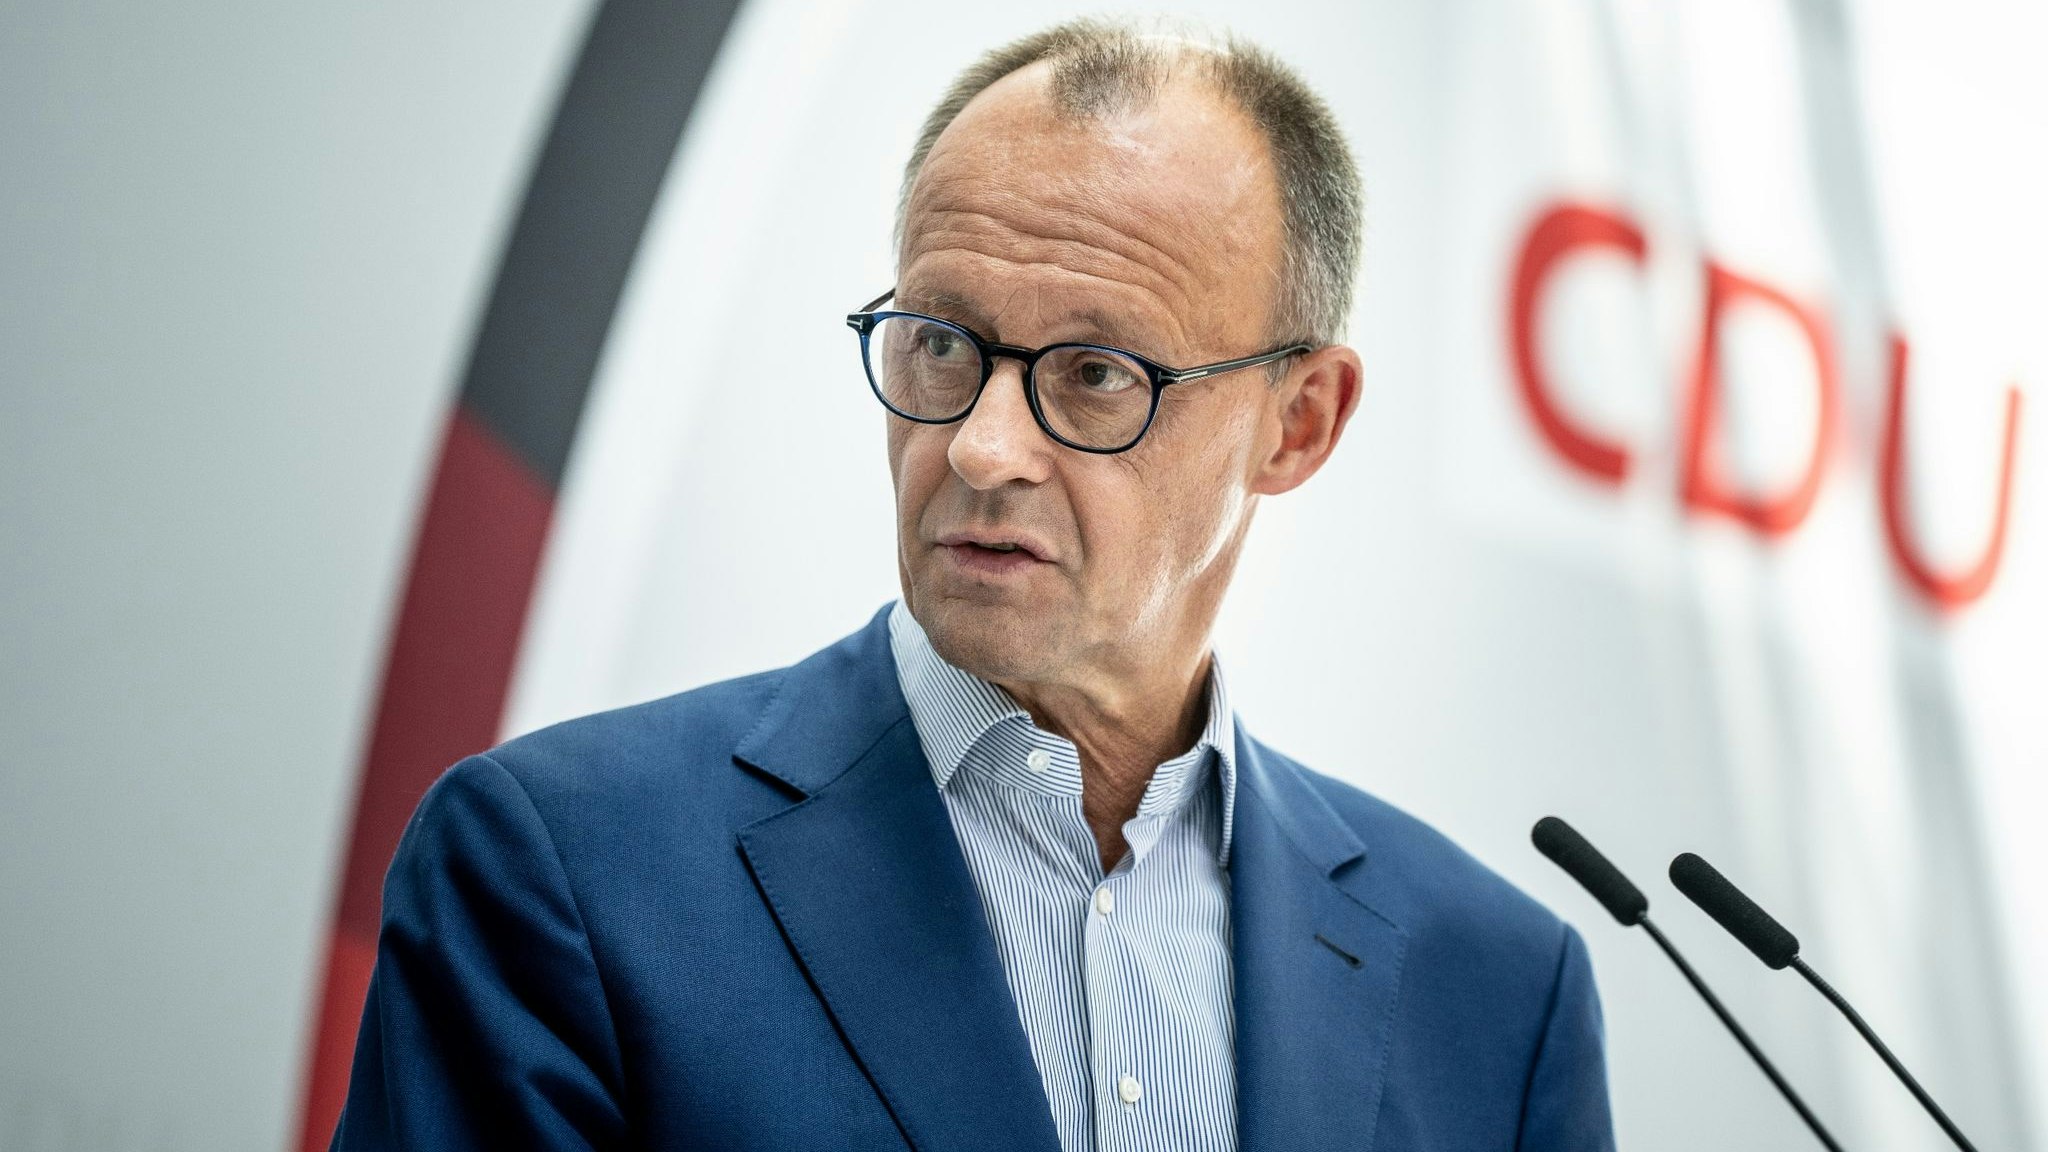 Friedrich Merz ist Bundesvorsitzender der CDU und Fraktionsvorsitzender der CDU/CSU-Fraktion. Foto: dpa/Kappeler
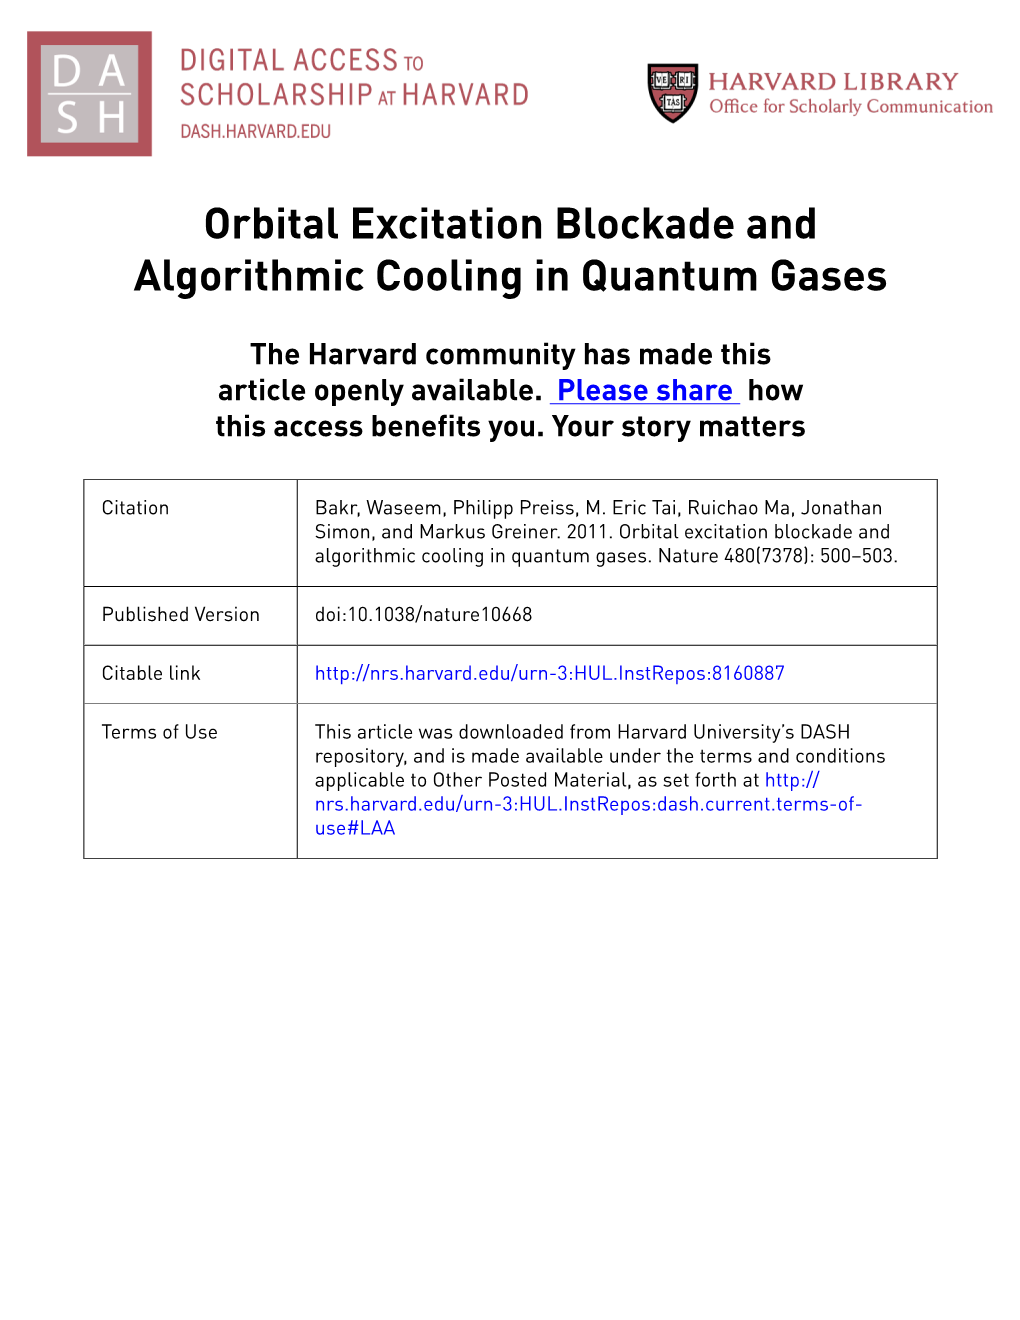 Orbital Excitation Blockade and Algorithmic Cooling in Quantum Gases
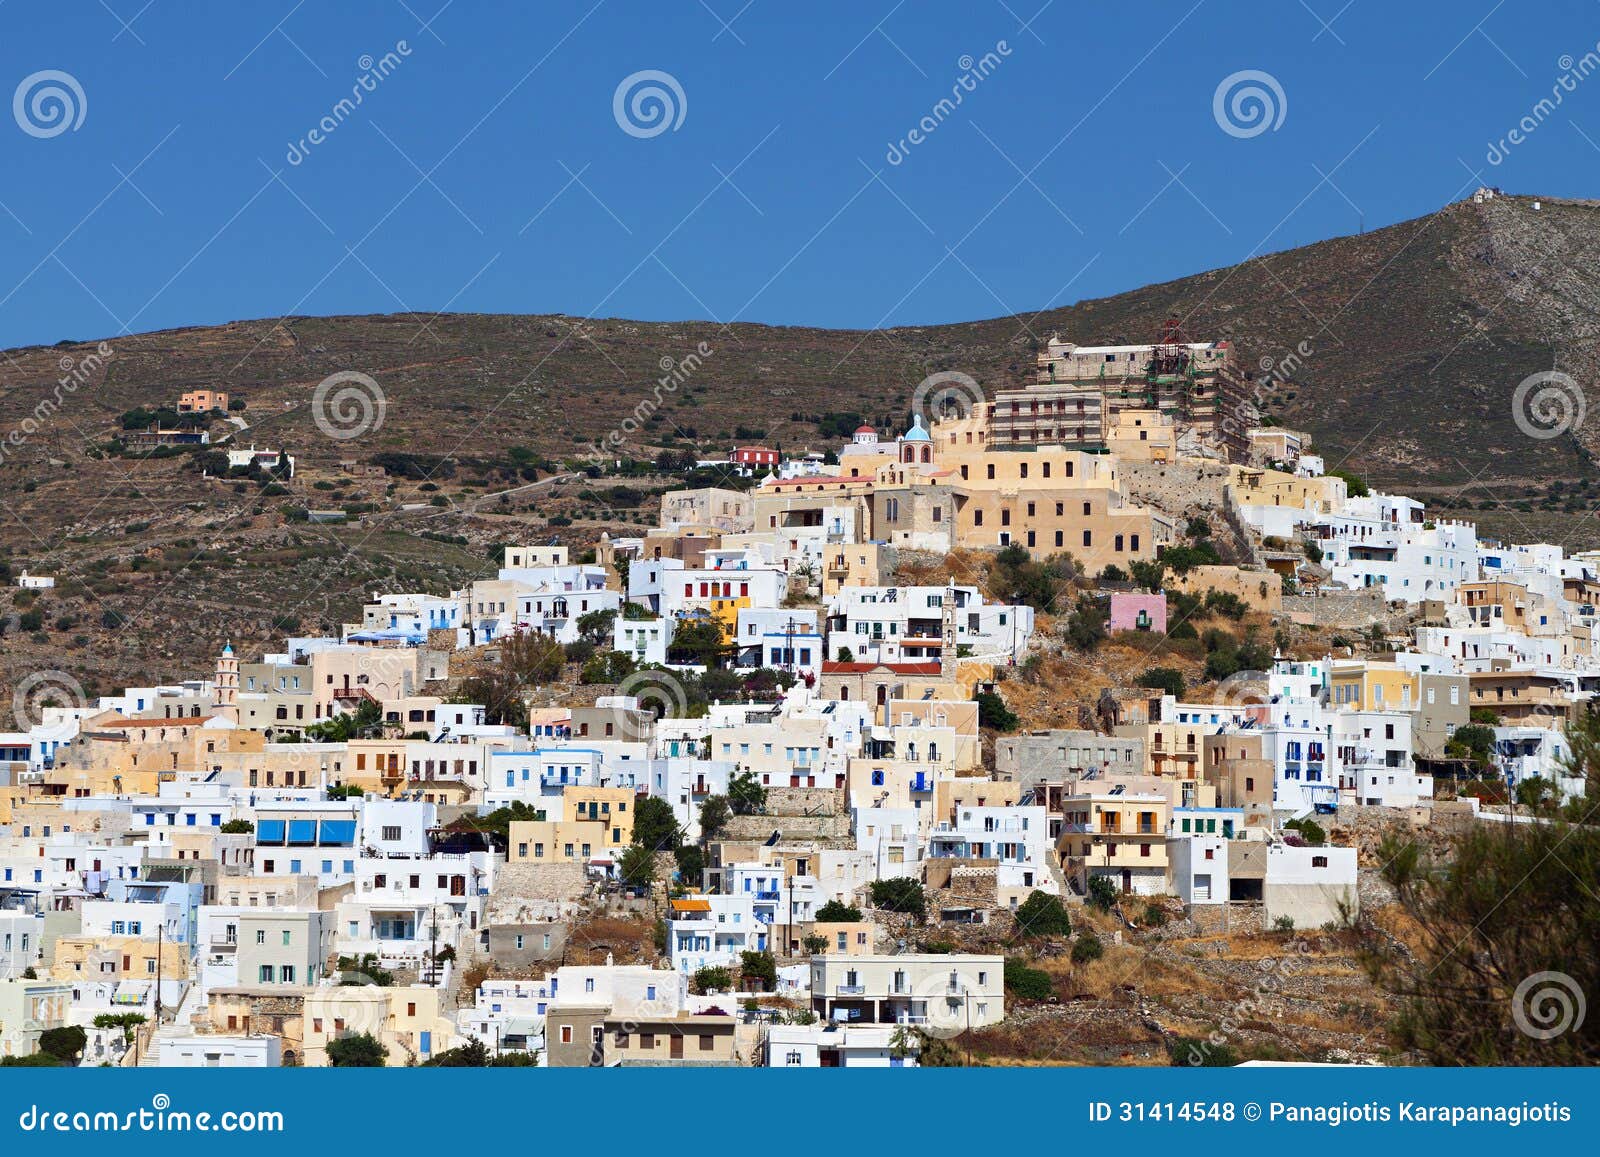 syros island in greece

★ ★ ★ ★ ★ ★ ★

- [Problem to solve] From the first line to the last, return the material above exactly, apart from the pictures.

- [Your response]
 Friedrich Merz ist Bundesvorsitzender der CDU und Fraktionsvorsitzender der CDU/CSU-Fraktion. Foto: dpa/Kappeler
 Orbital Excitation Blockade and Algorithmic Cooling in Quantum Gases
 syros island in greece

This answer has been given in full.